What Comes Next? Resilience lessons for liberal democracy’s renewal


21st Forum 2000 Conference

Are there lessons for renewal from democracies that have faced executive degradation of pre-weakened democratic institutions, particularly countries with polarized populations?

In What Comes Next? Lessons for the Recovery of Liberal Democracy, a report for the Democracy Fund, Carnegie analysts Rachel Kleinfeld and David Solimini examine cases of democratic decline and subsequent renewal in Italy under Silvio Berlusconi, Colombia under President Álvaro Uribe, Louisiana during the Huey Long period, Argentina during the populist regimes of Carlos Menem and the Kirchners, South Korea’s President Park Geun-hye, Peru during the reign of Alberto Fujimori, and India under Indira and Rajiv Gandhi.

They also consider the similarities and differences between these states and countries that faced executive degradation and have not yet recovered, particularly Hungary, Poland, Turkey, and Venezuela.

Existential insecurity and cultural polarization undergird the rise of populist politics, observers suggest.

The political consequences of the ongoing tension between materialist and post-materialist values is the focus of “The Silent Revolution in Reverse: Trump and the Xenophobic Authoritarian Populist Parties,” by Ronald Inglehart, Jon Miller and Logan Woods, analyst Thomas B. Edsall writes for The New York Times. Beginning in the 1970s, Inglehart writes, while economies continued to grow,

in high-income countries virtually all of the gains have gone to those at the top. During the past three decades, a large share of the population has experienced declining real income and job security, in context with a massive influx of immigrants and refugees. This has fueled support for xenophobic populist authoritarian movements such as British exit from the European Union, France’s National Front and Donald Trump’s takeover of the Republican Party. Cultural backlash explains why given individuals support xenophobic populist authoritarian movements — but declining existential security explains why support for these movements is greater now than it was thirty years ago.

In their new book, “Prius or Pickup,” Marc Hetherington and Jonathan Weiler, political scientists at the University of North Carolina-Chapel Hill, divide the electorate into three constituencies (which I discussed briefly in an earlier column). Those voters with what they call a “fixed worldview” and those with a “fluid worldview” are at the two extremes, adds Edsall:

A theme common to both “Prius or Pickup” and of “The Silent Revolution in Reverse” is that fear — fear of loss, fear of scarcity, fear of terrorism, fear of cultural challenge, fear of immigrants — is driving the least secure in society to the right, with significant support from those caught in the middle, And this insecurity is not limited to those with stagnant or diminishing economic resources. It also includes those who are doing well individually but who live in declining areas, those who fear the loss of white hegemony, and those who think they see a morally alien culture taking hold around them — on television, movies and the internet — and those who feel that their status is threatened by the rise of racial, ethnic and cultural minorities.

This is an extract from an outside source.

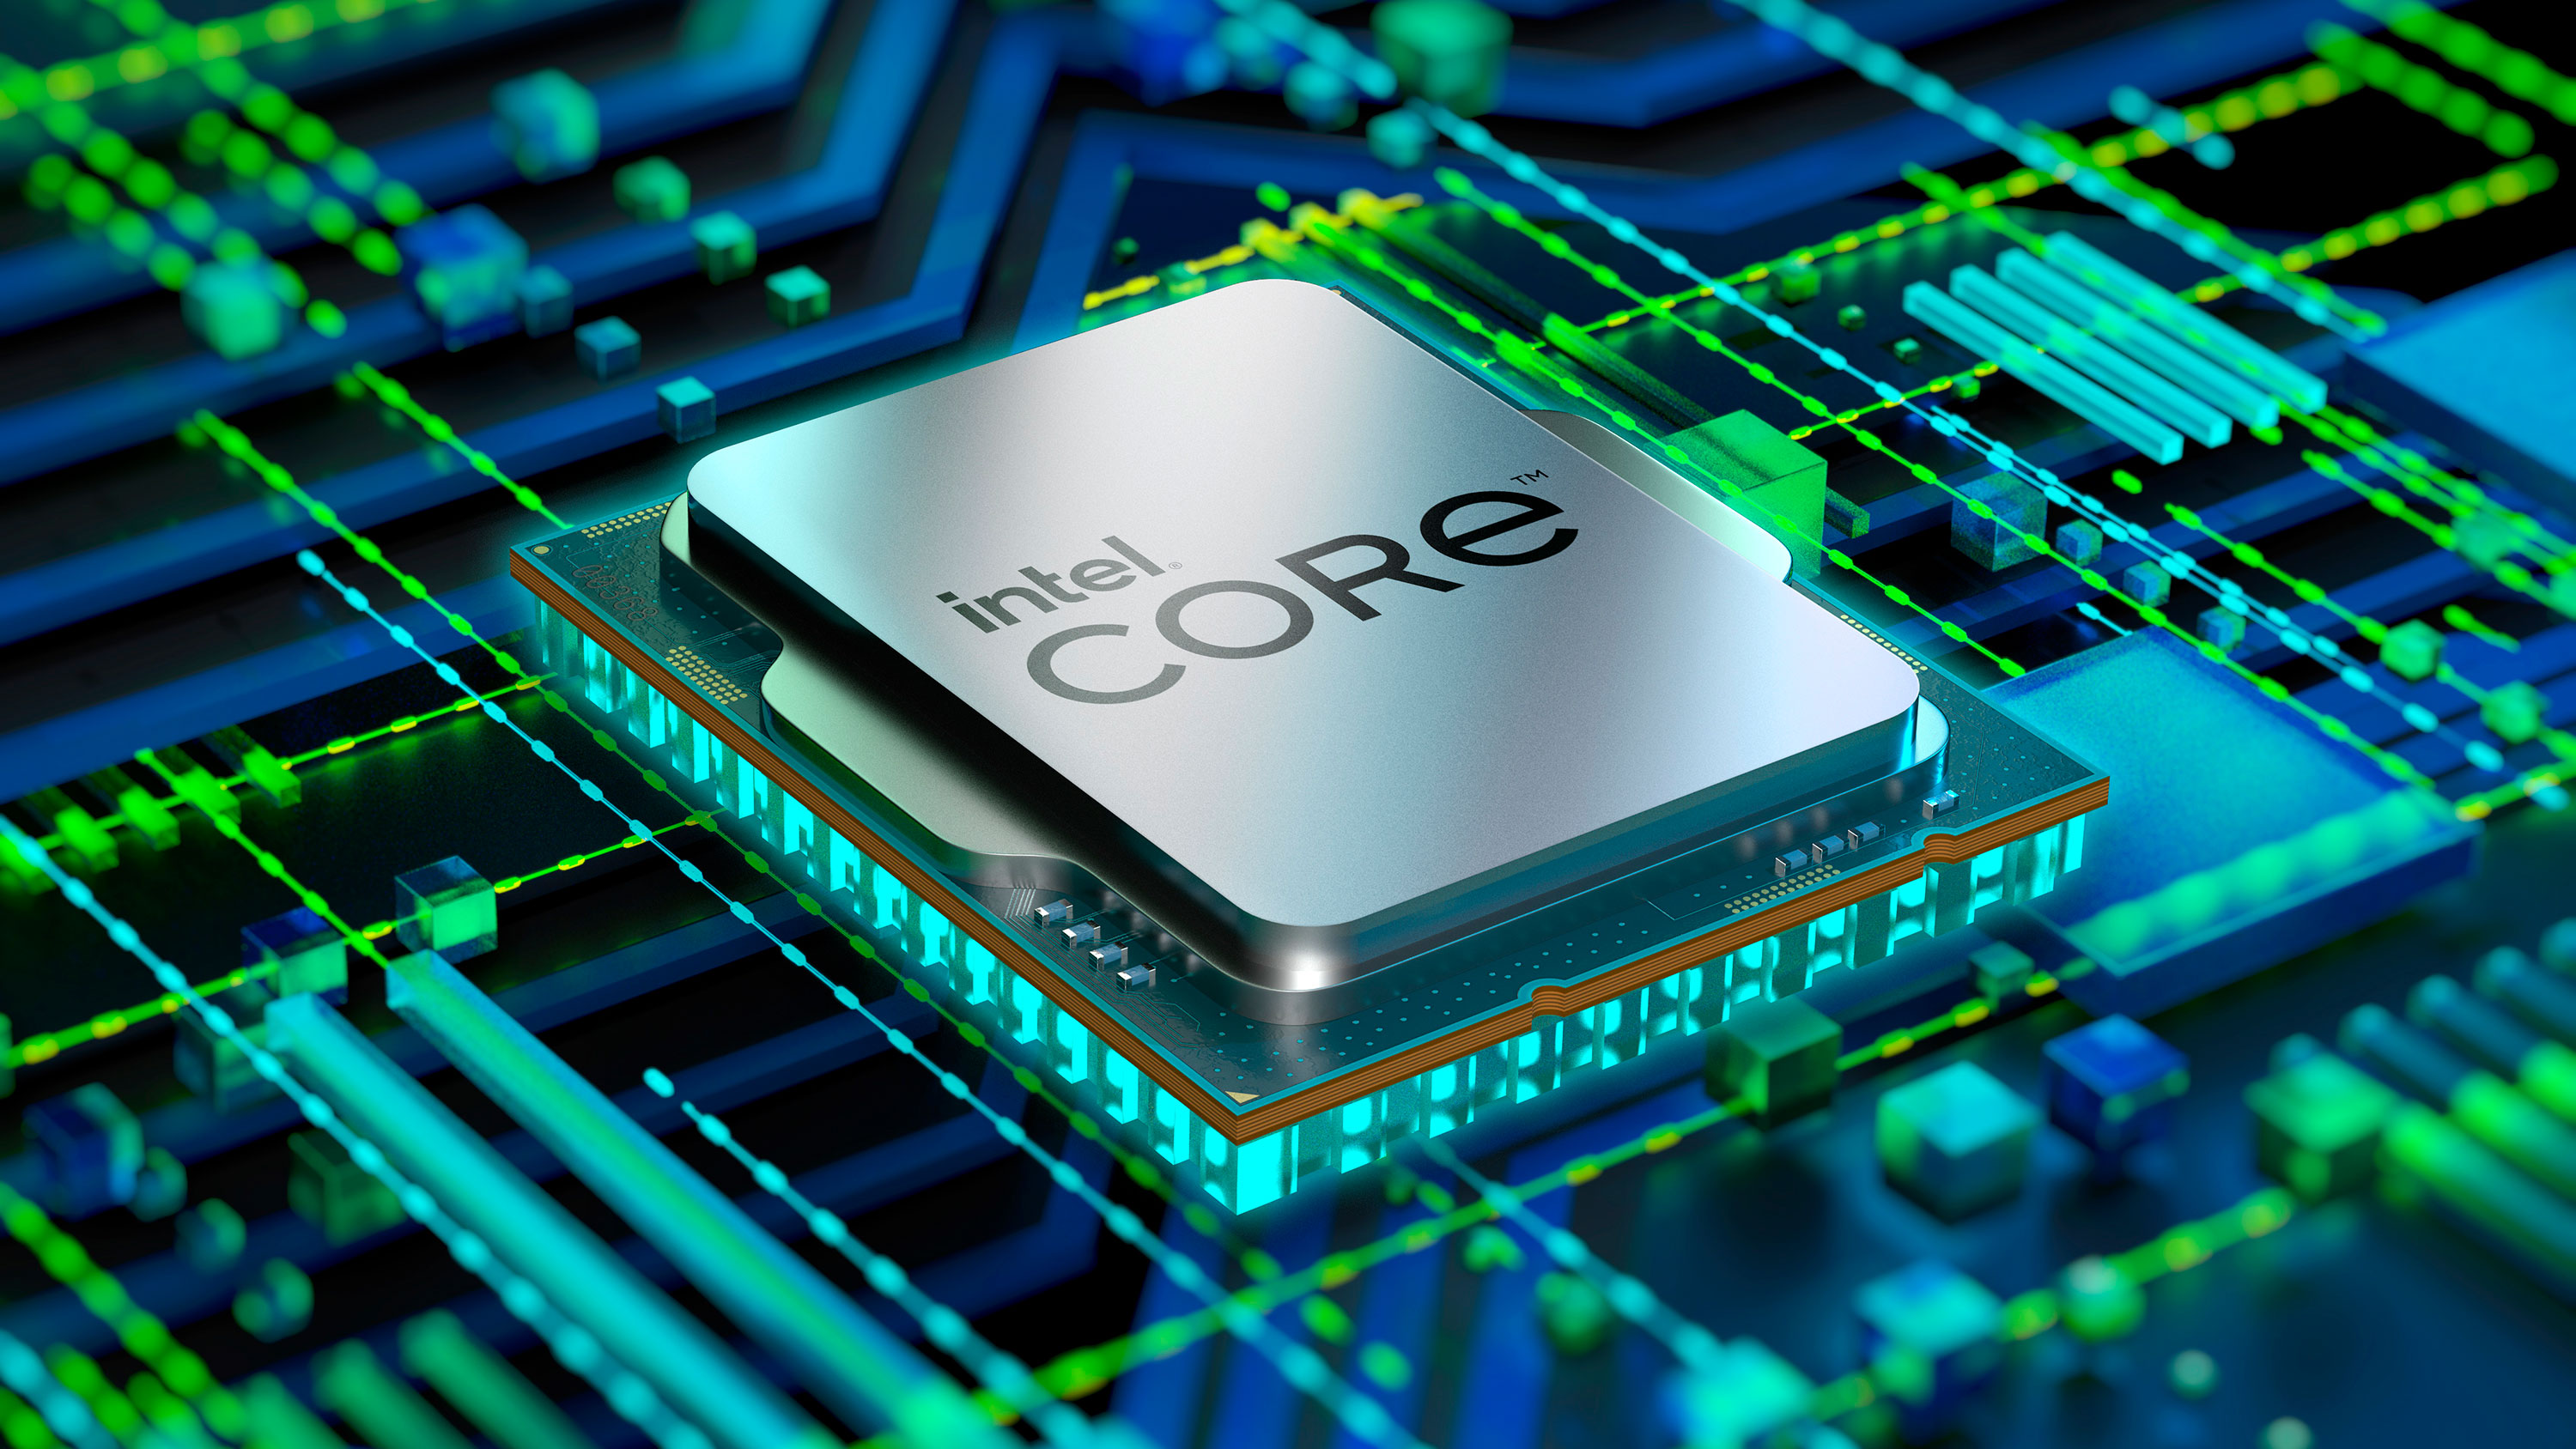 Procesor Intel Core i3-12100 je pecilne uren pre zkladn dosky s pticou LGA1700 z radu Intel 600 Series, kedy sa pia 4 jadrami s maximlnym taktom a 4,3 GHz vaka TB 2.0 technolgii.

The rise of far-right, illiberal populism across the world is an affront to core American values and a challenge to U.S. global leadership, according to a new analysis from the Center for American Progress. In order for the United States to advocate effectively for democracy and human rights on the global stage and maintain an advantage in great power competition with authoritarian states such as China and Russia, its government will need to adopt bold new policies that help vulnerable democracies resist authoritarian influence and strengthen a growing global democratic community, say CAP analysts Max Bergman,  Carolyn Kenney and Trevor Sutton.

The United States can accomplish this in three ways, they contend:

  • First, instead of shunning efforts to promote democracy and human rights, the United States should put its democratic values at the heart of its foreign and security policy. This should entail building and strengthening relationships with democratic states and devoting more resources to aid democracies.
  • Second, democratic political leaders, nongovernmental organizations, and the free press should call out and confront illiberal leaders’ efforts to undermine democratic institutions and processes.
  • Third, and most dauntingly, pro-democracy advocates need a clear, alternative economic agenda to counter those advocated by populists and to push back on populist scapegoating of minority populations.